## How to complete this task
Copy only what lies from the line containing "ドッグレース-ハウリングドッグ-ス...の未再生の波形" through the line containing "12-year-old girl\u0027s room &" in the entries below, keeping both end lines exact and dropping every picture.

## Material for this task
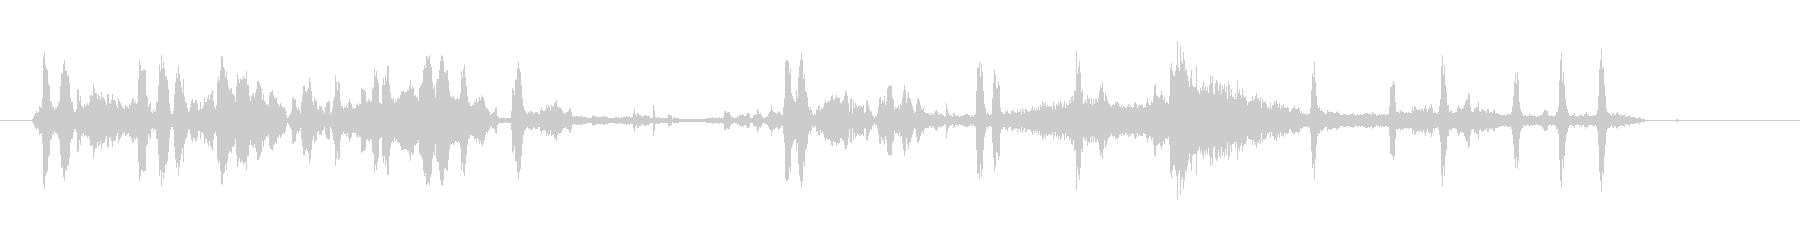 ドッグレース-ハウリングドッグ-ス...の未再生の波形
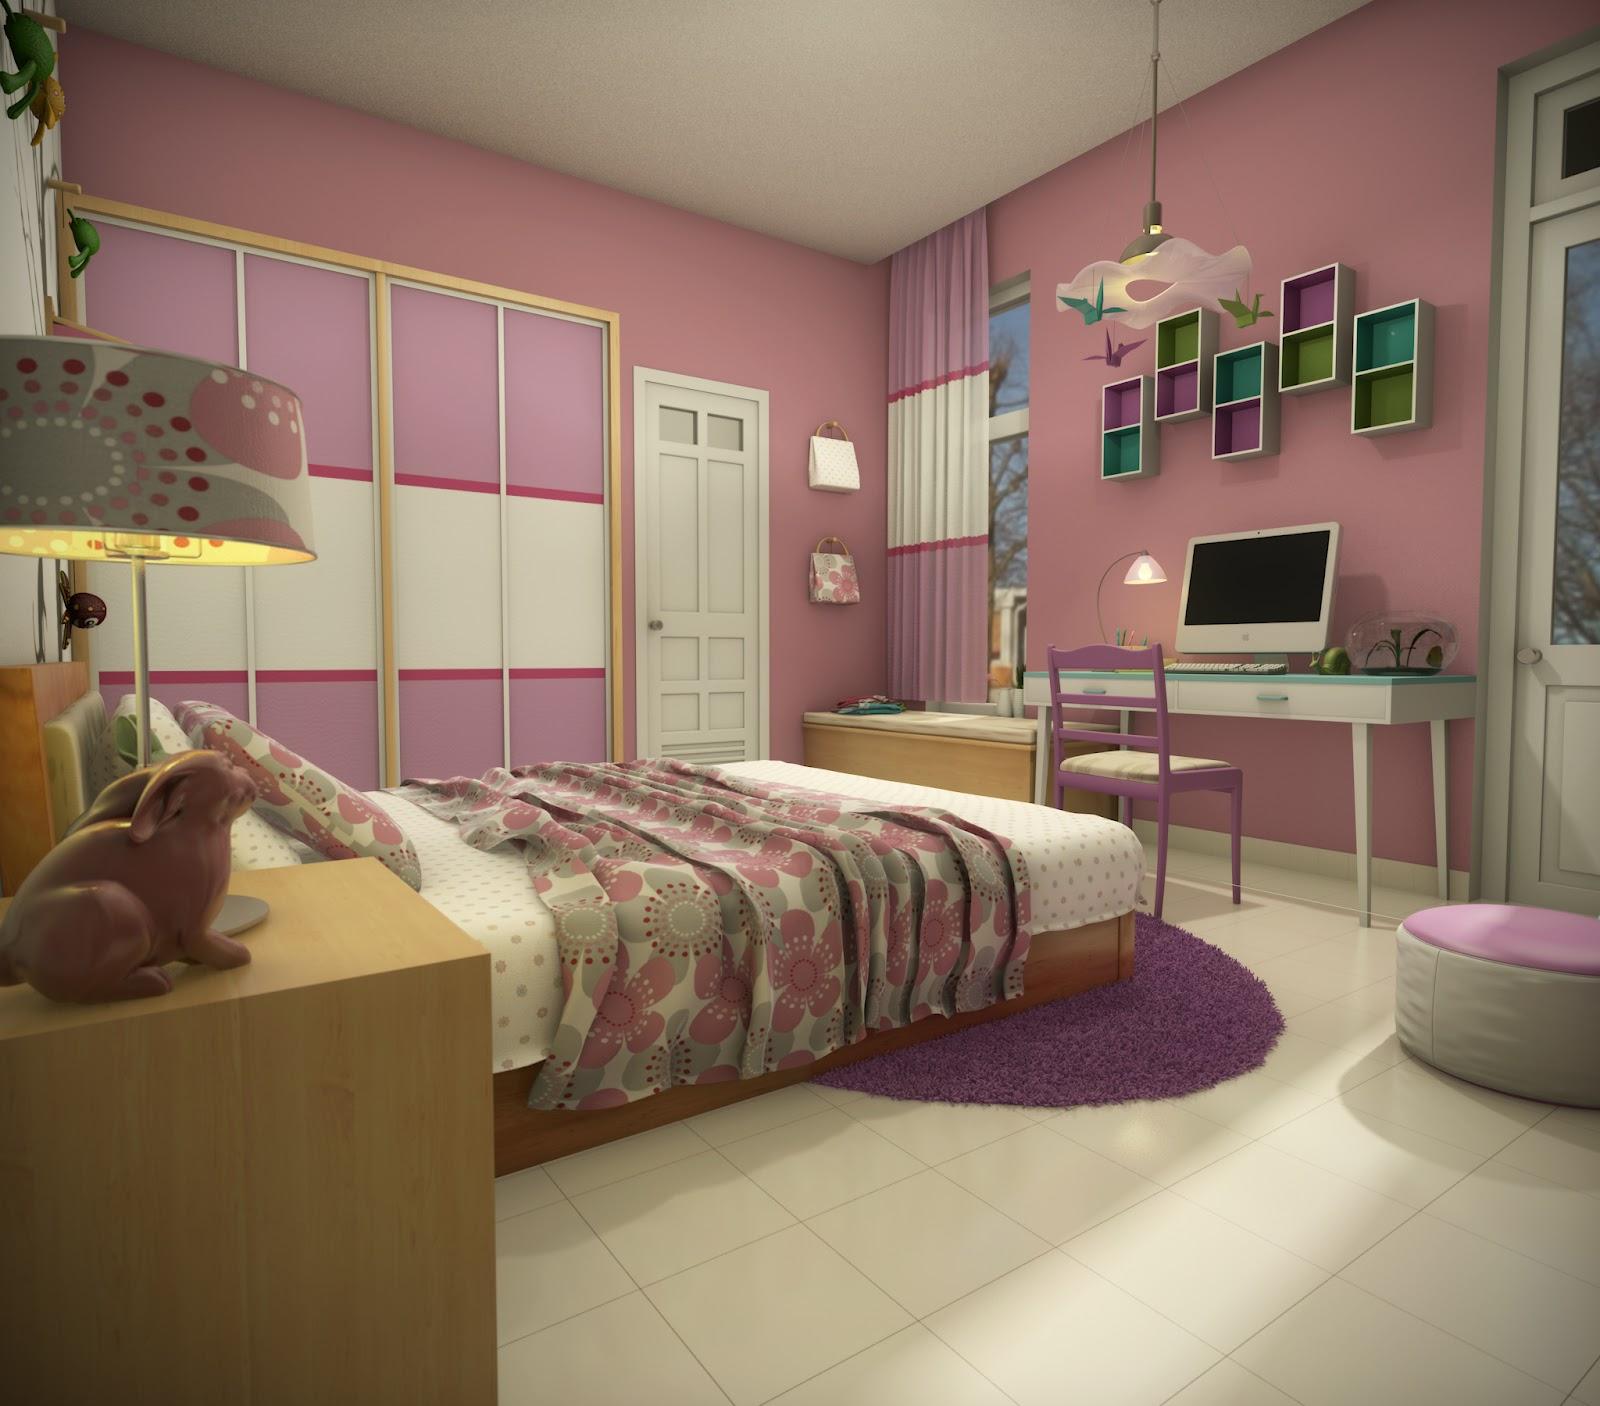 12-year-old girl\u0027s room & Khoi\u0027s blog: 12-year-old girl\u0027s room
==
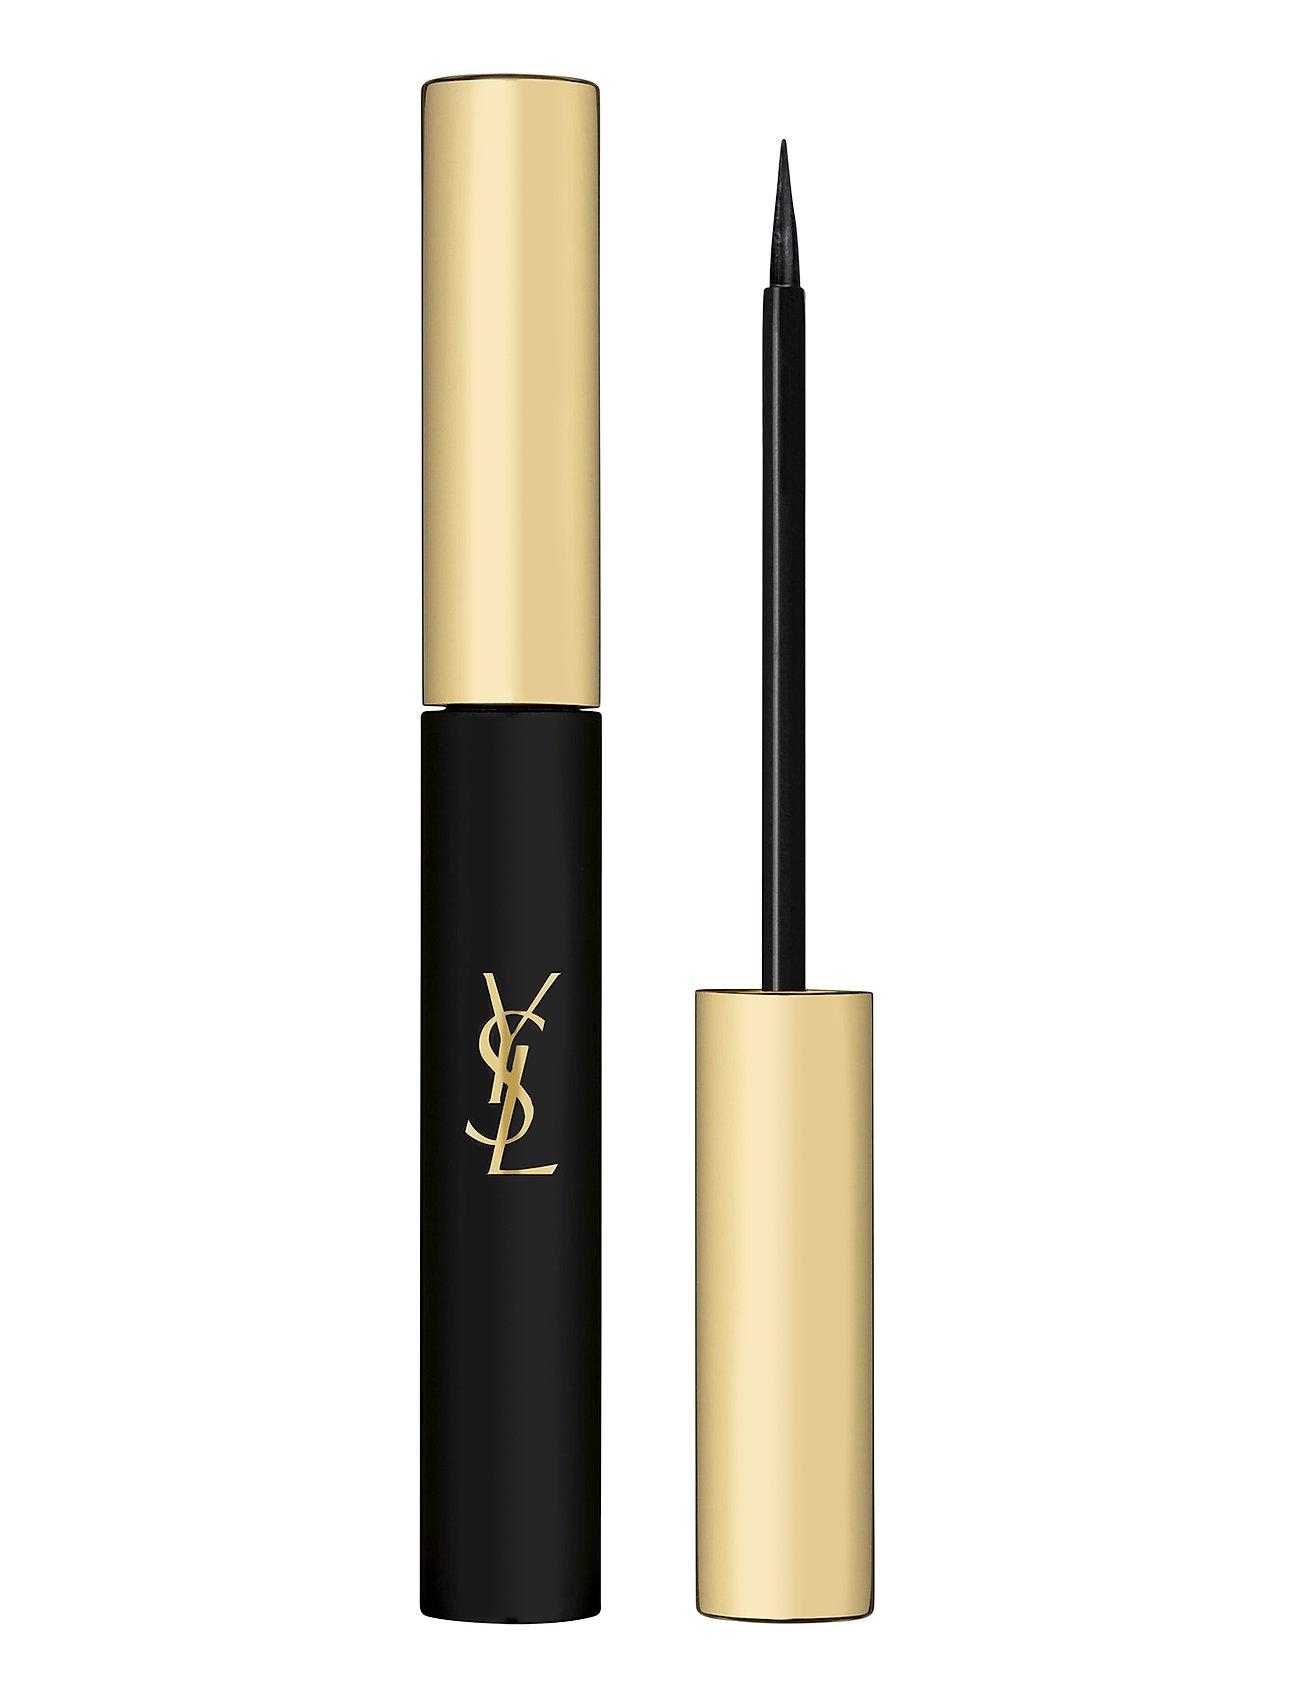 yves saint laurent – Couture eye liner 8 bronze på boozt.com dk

## Written answer
 ドッグレース-ハウリングドッグ-ス...の未再生の波形
 12-year-old girl\u0027s room & Khoi\u0027s blog: 12-year-old girl\u0027s room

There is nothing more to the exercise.